Rational Government Reform

In this way, Sorai began the pervasive trend of disregarding status considerations in hiring talent and reforming government, which would create a strong and benevolent government that utilized its people according to their inner virtue through accountability and competition. Sorai and Seiryō both recognized that the government had to adapt its laws and regulations to changing circumstances, but they disagreed on the extent of the reforms that were necessary. While Sorai thought that government should make slight adjustments to its rule, such as hiring talent outside of status, he emphasized that the short-sightedness of contemporary rulers meant that reform should be pursued slowly if at all. Sorai also discouraged radical change or reform because he understood that the people’s sense of security in their place in society was paramount to social harmony and prosperity. “People are comfortable with what they are used to”[26]. Sorai understood that new policies would be feared by the people, and he believed this fear would prevent the people from focusing completely on their work. Ultimately, Sorai believed that extensive reform was never necessary because institutions of the past had been upheld due to the wisdom of previous rulers, stating that “Your changing the old laws and creating new ones in this province passed on to you by your ancestors would be an abuse of your freedom. You would not be revering your ancestors”[27].

Sorai and Seiryō both agreed that the government had to be proactive in order to bring out the people’s inner virtue. Seiryō emphasized the importance of putting all members of society to work when he stated that “If it ever eventuates that a territory’s people all put their hands and feet to work [in order to] earn their clothing and food, a country cannot but prosper considerably”[28]. As the samurai class produced the least, consumed the most, and put the biggest strain on domain finances, Seiryō’s first goal was to transform the samurai into “entrepreneurs actively involved in mobilizing the resources of their territories to raise the welfare of all”[29]. Seiryō believed that the government could operate as a large investment company that used its wealth to buy cheap abundant commodities and sell expensive scarce commodities, which would not only reinforce material fulfillment but would also prevent the merchants from overly profiting due to unjust business practices, such as monopoly and price-fixing. This was an outgrowth of one of Sorai’s recommendations, which “urged the bakufu to requisition all goods…directly from producers”[30]. Instead of encouraging government monopsony due to an extreme hatred of the merchant class, Seiryō merely wanted government to provide an alternative to manipulative merchant relationships if it could be profitable. Seiryō gives another practical example of putting the samurai to work in his proposal to create the “Privy Council Award,” which would force the samurai to craft weapons and would reward them based on their performance[31].

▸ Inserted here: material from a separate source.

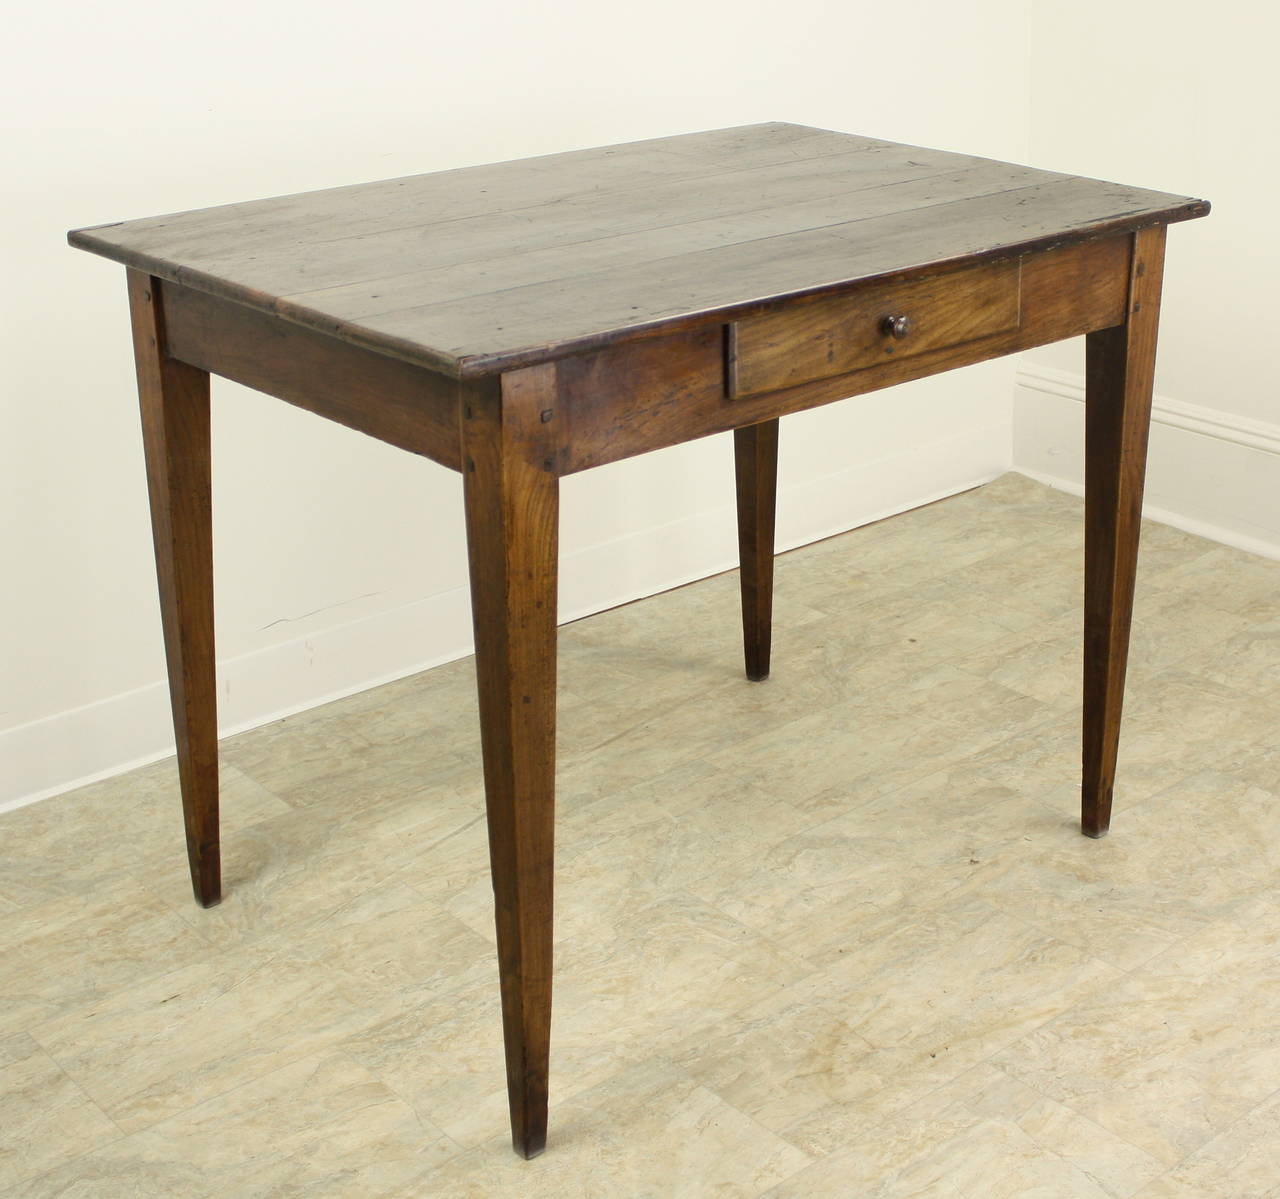 A fine example of an antique writing table, complete with warm color and nice patina.  The elegant tapered legs are nicely pegged at the apron, and the single drawer slides open easily.  Good apron height for knees at 251/2
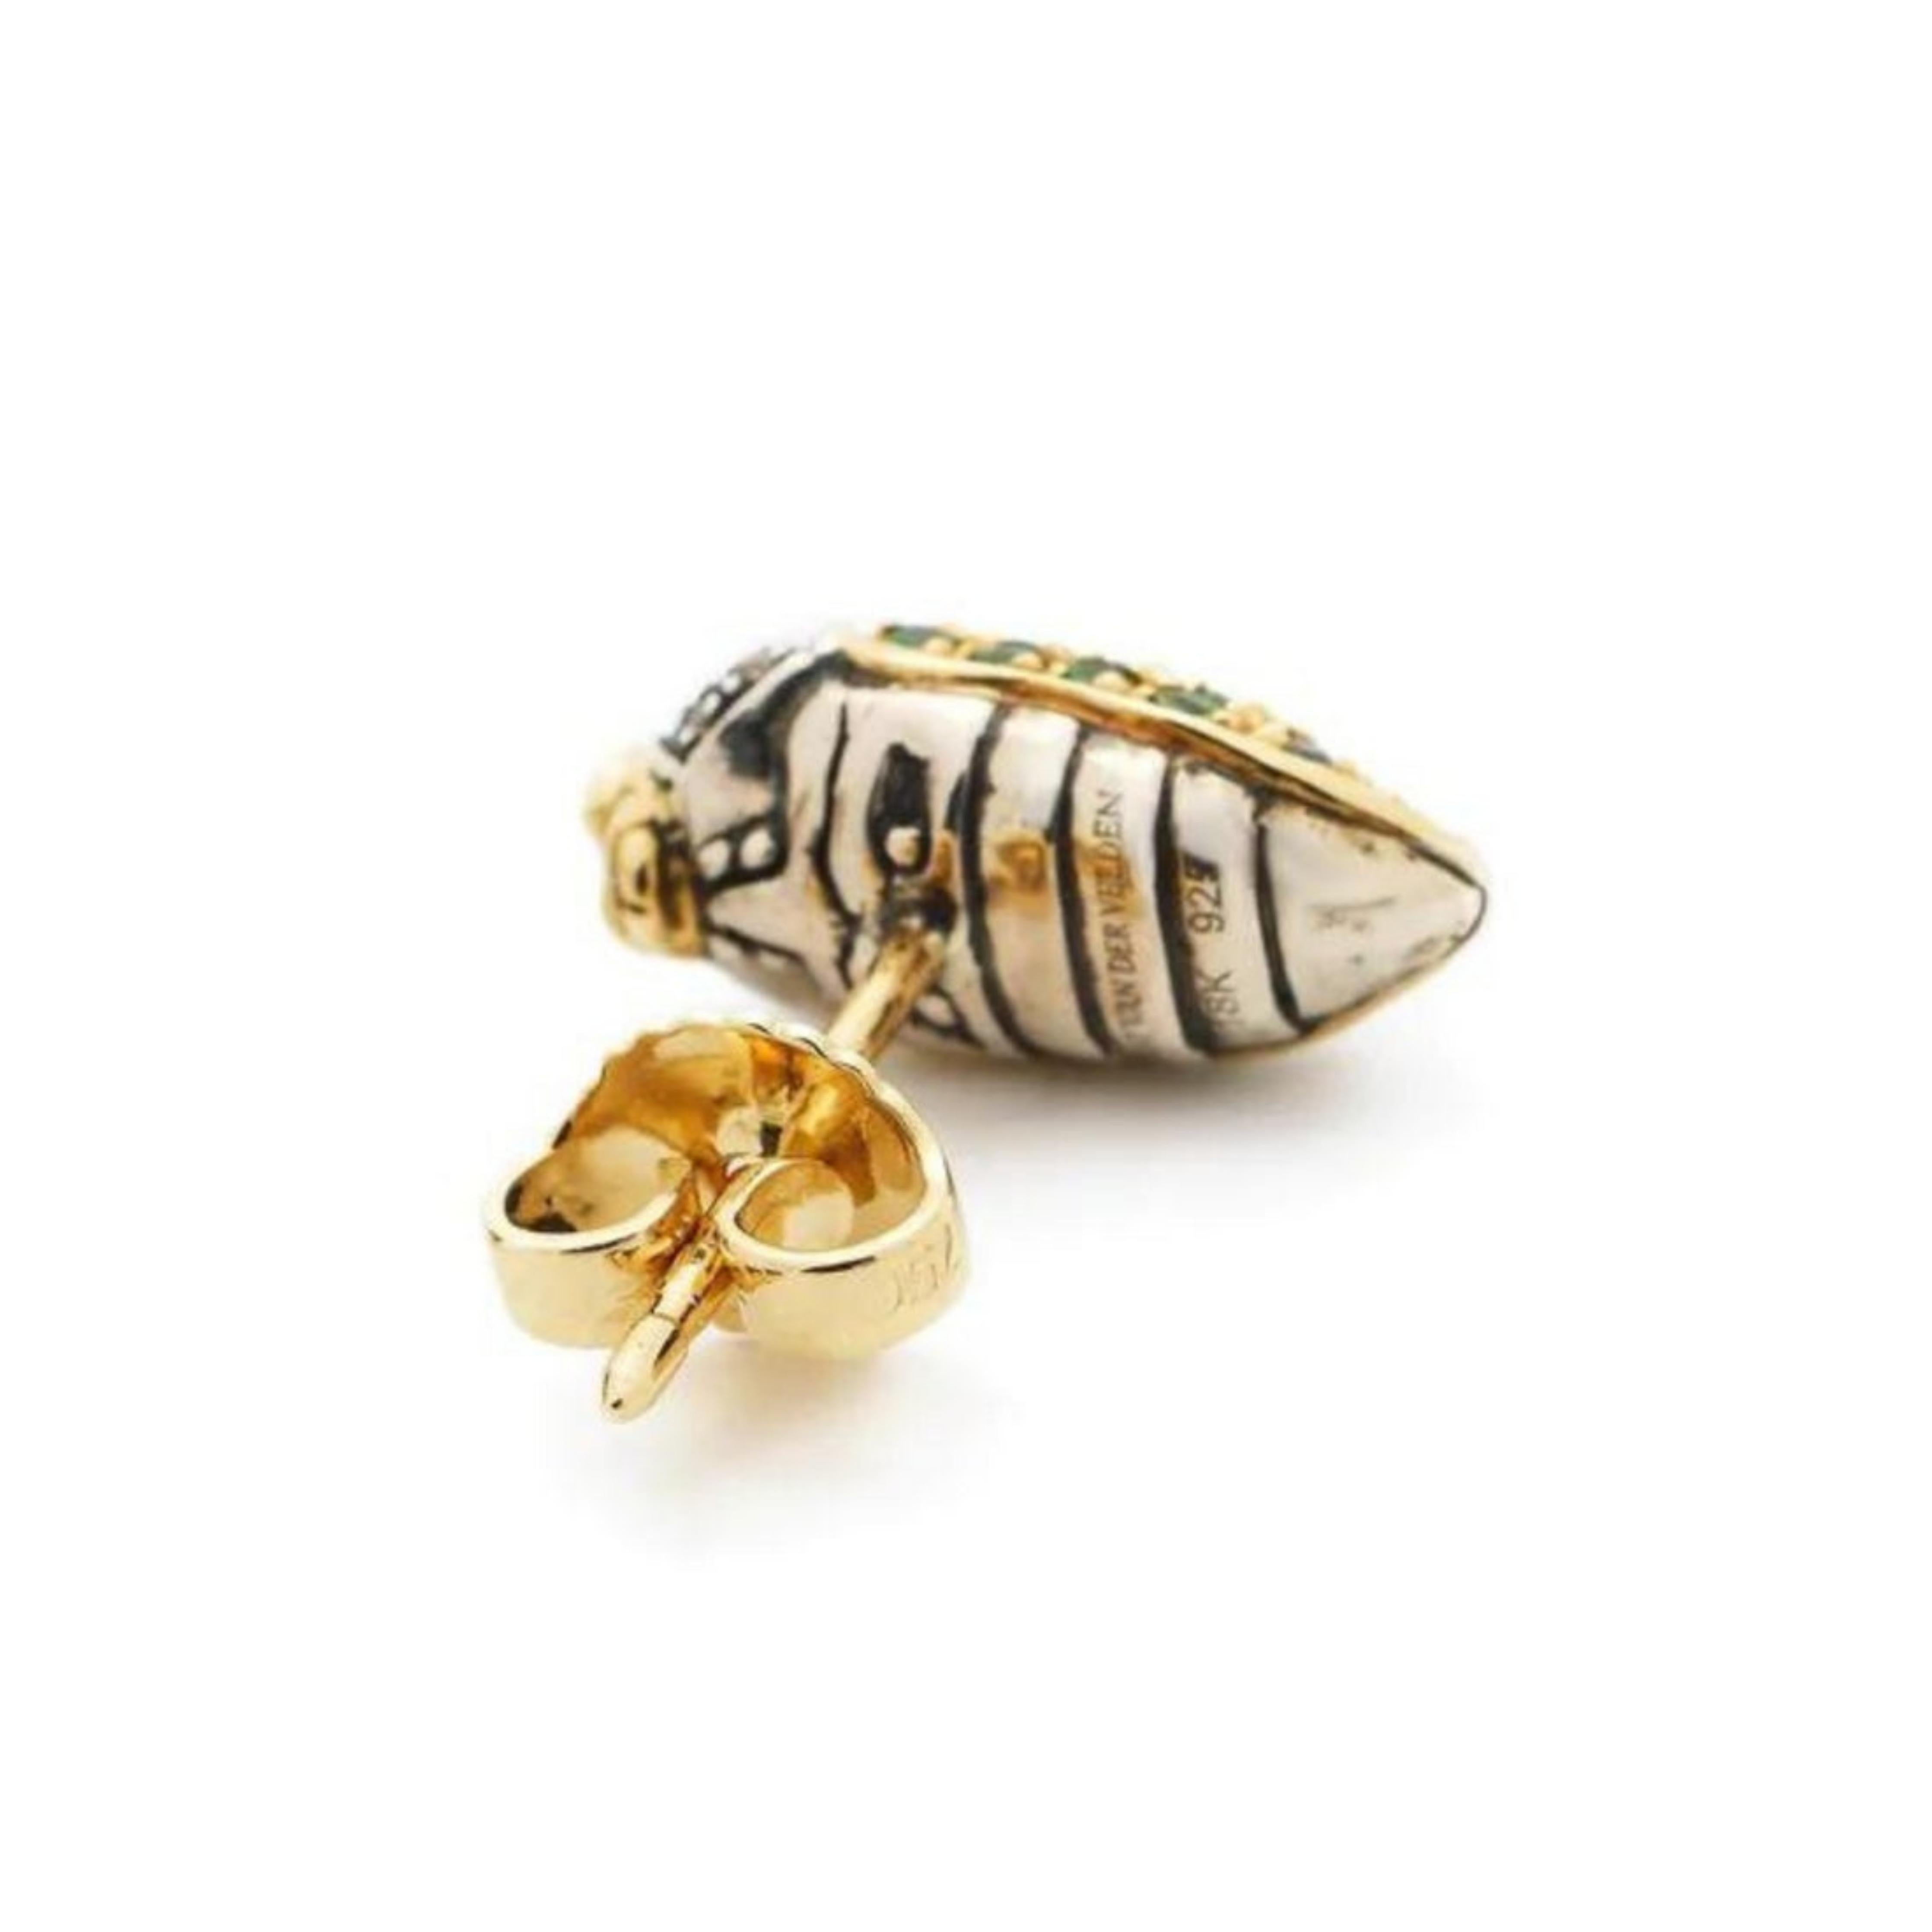 Bibi van der Velden, Mini Scarab Pave Stud. Crafted from 18K yellow gold and sterling silver, this earring features a pave of brown diamonds, tsavorites and yellow sapphires. Shown from behind.

Seiryō believed that the ruling class would never become productive unless it was required of them. He expressed this when he observed that the samurai believed that “they are called forth since it is their due to be called forth…one has to cultivate [the retainers] in such a way that they have lively hearts”[32]. Sorai generally trusted the higher authorities to act in the people’s best interests, and emphasized that the people should have faith that the government was acting in their best interests for the sake of social order. Seiryō recognized that an exploitative relationship would inevitably result unless there was a pressing need for government officials to work in the long-term interests of the people. Seiryō proposed that “It would be better if…one received [something] after knowing the reason [why it was given]”[33] in order to cultivate the belief that rewards and privileges were not given for hereditary reasons regardless of one’s performance. Otherwise, “Heaven will afflict [this person] with atrophy”[34]. Seiryō believed that it was human nature to be lazy and unproductive unless acquiring merit and skill was necessary to guarantee their comfort[35].

In addition, Seiryō also emphasized the effectiveness of channeling humans’ naturally self-interested biases in order to stimulate production, which could be achieved by allowing them to keep their products and profit from them. Seiryō believed that “If the people do not reap profit, their interests will not be aroused…if the people are not interested, not many things will be produced”[36]. Seiryō, addressing himself to merchants and commoners, believed that the foundations of government rested on channeling the incredible power of profit motivation for the benefit of society. He believed that “leaving the people what they had produced and [still] amassing enough money, was a skilful [method] of raising profit”[37]. If everyone acted in their own self-interest and learned strategies through observation and active reason, there would be a leveling of wealth between states and among the social classes because manipulative relationships which unjustly distribute wealth would be avoided.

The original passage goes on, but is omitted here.